Pendant les jours qui suivirent, ayant remarqué l’étrange figure de Karma Dordji avec sa souquenille en peau de mouton et ses cheveux qui touchaient le sol, il l’interpella, lui demandant ce qu’il faisait toujours assis près du foyer. Dordji saisit cette occasion comme une nouvelle faveur des déités qui, enfin, tournaient de nouveau leurs regards vers lui et se présenta avec tous ses titres comprenant sa retraite dans la forêt, le kyilkhor dans la montagne, la crue du torrent, la découverte de l’ermitage, les rayons de lumière qui, partant de ce dernier, s’étaient posés sur sa tête, et termina par l’oubli dans lequel le lama le laissait, en priant le tulkou d’intercéder en sa faveur.

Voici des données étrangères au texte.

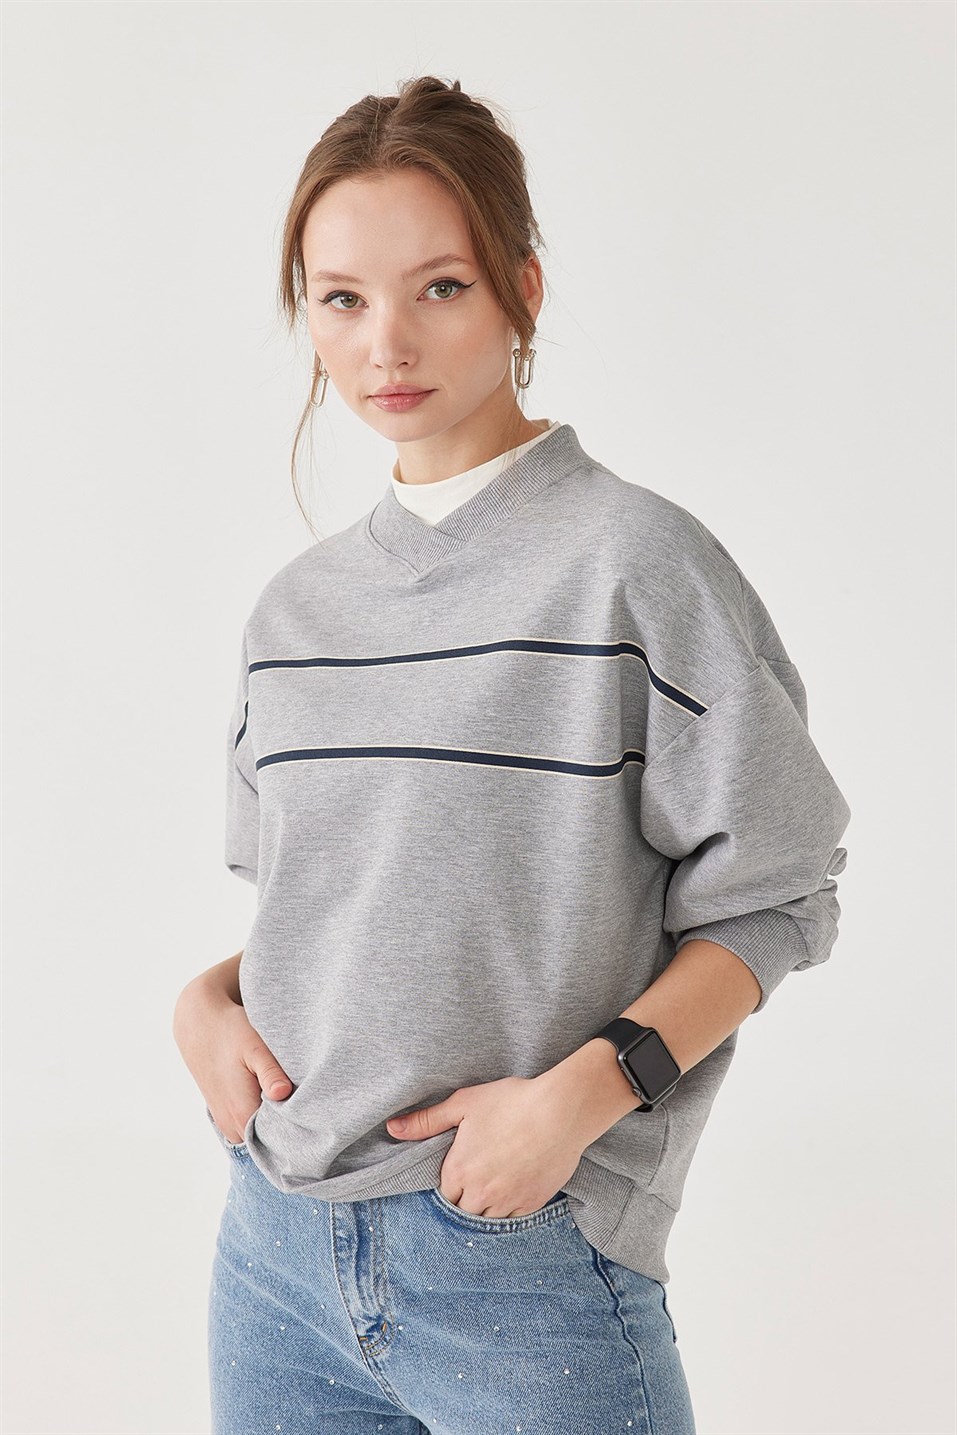 Grey Ns Cotton Sweatshirt

D’après ce qui ressortait du récit que j’ai entendu, le tulkou devait être d’une humeur à peu près semblable à celle de son oncle et peu enclin à dramatiser les choses. Il regarda avec étonnement l’herculéen Karma Dordji et lui demanda ce qu’il souhaitait que le lama lui enseignât.
Trouvant, enfin, quelqu’un qui s’intéressait à lui, l’aspirant sorcier reprit de l’assurance. Il voulait, répondit-il, acquérir des pouvoirs magiques, voler à travers les airs et faire trembler la terre ; mais il se garda soigneusement de mentionner la raison qui lui faisait désirer d’accomplir ces miracles.
Le tulkou s’amusait, sans doute, de plus en plus. Il promit néanmoins de parler à son oncle en faveur du quémandeur. Puis, pendant les deux semaines que se prolongea sa visite, il ne lui accorda plus un regard.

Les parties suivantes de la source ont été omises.